7 ways to get out of debt
No matter how much you owe, you can control your finances. Below are seven tips for getting out of debt. When armed with a plan of action, you can pay off your debt smartly.
Make more than the minimum payment
You can pay down your debt faster when you make more than the minimum monthly payment. While you’ll stay in good standing by paying just the minimum, interest accrues on your unpaid balance each month. This drives up what you owe, and your debt becomes far more expensive. And as more of your monthly payment goes toward interest, it takes longer to pay down what you owe.
Put any excess money toward debt
If you have extra money in your budget, put it to good use by paying down your debt. The additional funds reduce the principal balance of your debt. Not only can you pay off what you owe faster, but you will pay less interest.
Consider refinancing
Monthly payments include both interest and principal. By refinancing, you could bring your interest rate down. You can pay down debt faster because more of your monthly payment goes toward what you owe, not interest.
Attempt to settle your debt
Creditors just want to get paid. You may be able to offer a reduced lump-sum amount in exchange for settling your debt in full. Not only can you settle your debt for less than you owe, but you can also avoid the extra interest costs if you continue to make monthly payments.
Stick to a budget
You can’t get your spending under control if you don’t know where your money goes. When creating a monthly budget, you create a spending plan that aligns with your financial goals. If you are in debt because you overspend, now is the time to scrutinize where your money goes.
List out what you make each month and what you need to pay for your essential household expenses. To help you stay on track to get out of debt, build in the amount you want to pay off each month.
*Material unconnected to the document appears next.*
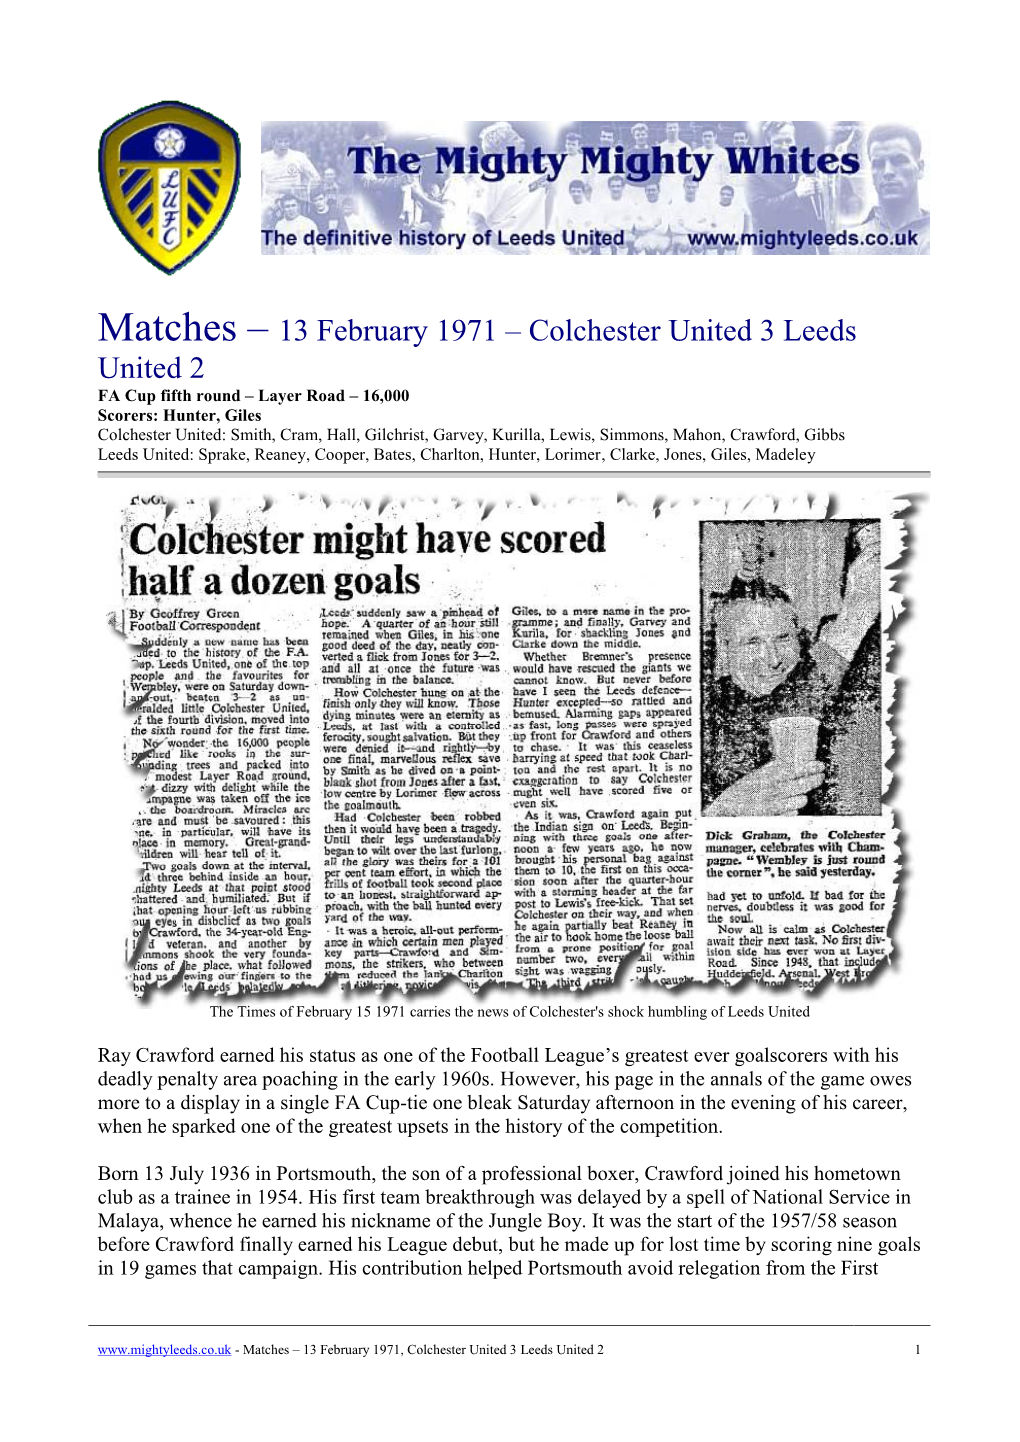 Matches – 13 February 1971 – Colchester United 3 Leeds United 2
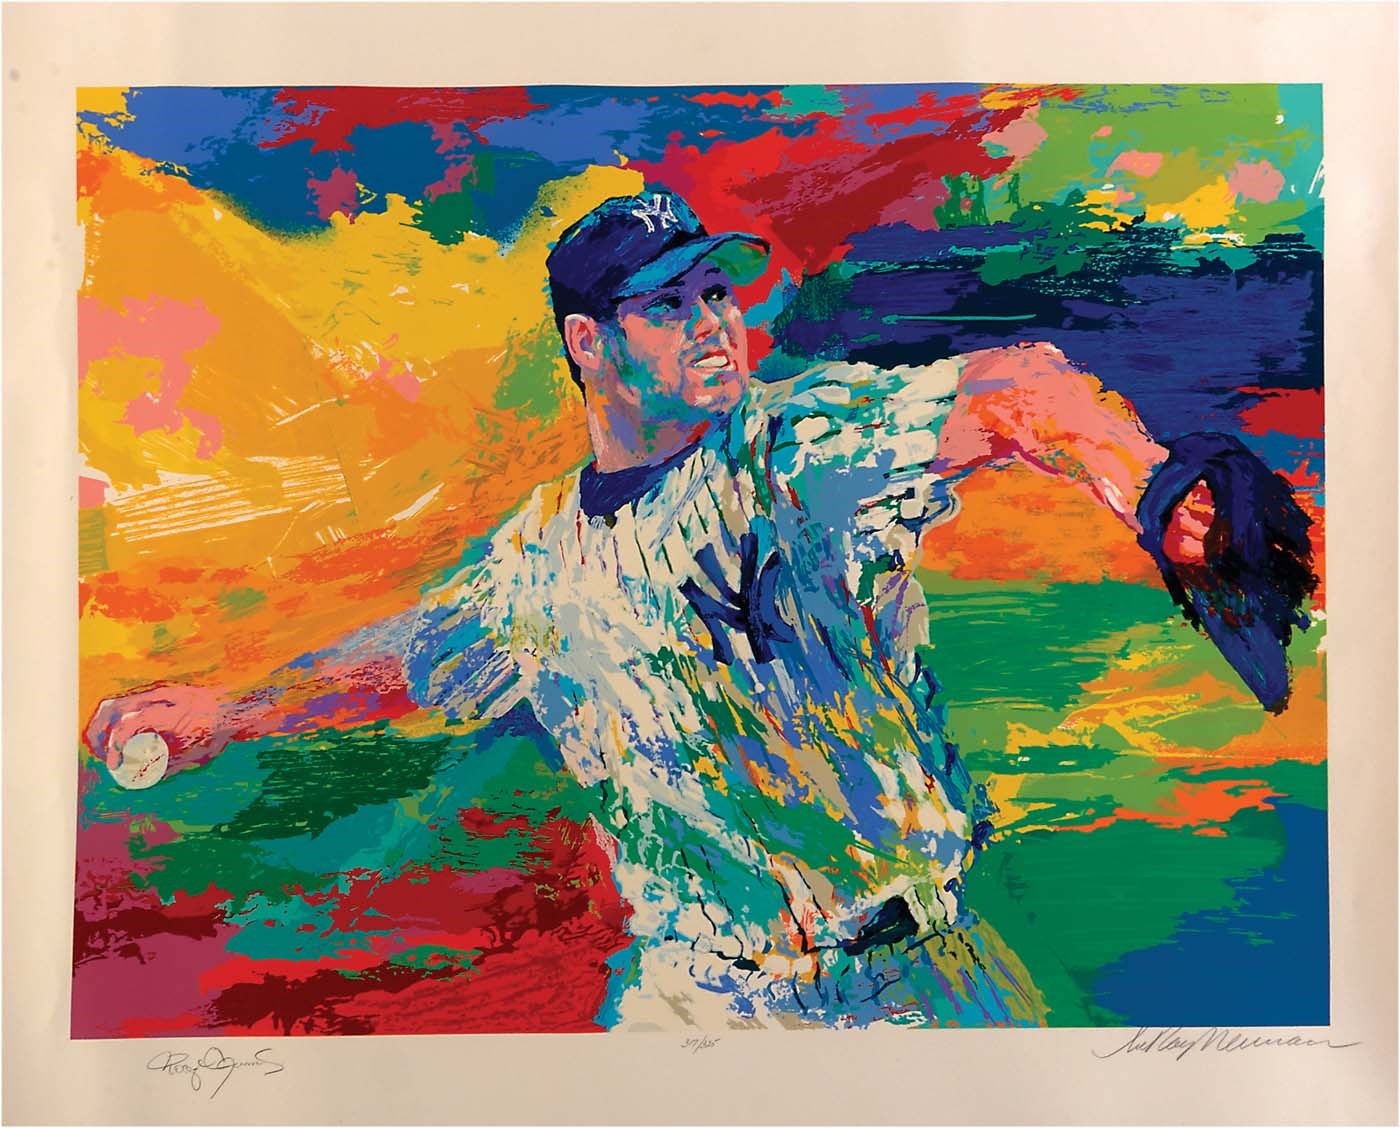 - Roger Clemens Serigraph by LeRoy Neiman - Signed by Both

Whether you focus on saving money or getting rid of debt, a budget acts as a guide to help accomplish your financial goals.
Try the snowball method
The debt snowball method focuses on paying off your smallest debt first. Under this method, you attack one debt at a time while making minimum payments on the others. Once this debt is paid in full, take that payment and apply it to the next smallest debt on your list. Keep going until you have paid everything off.
At the start, you may not see any cost savings under this method. But, the snowball method gives you the feeling of accomplishment as you pay each debt off.
Try the debt avalanche method
Under the debt avalanche method, you first focus on paying off the costliest debt. If you can get rid of debt with the highest interest rates first, you’ll save money in interest and fees.
Are debt consolidation loans a good idea?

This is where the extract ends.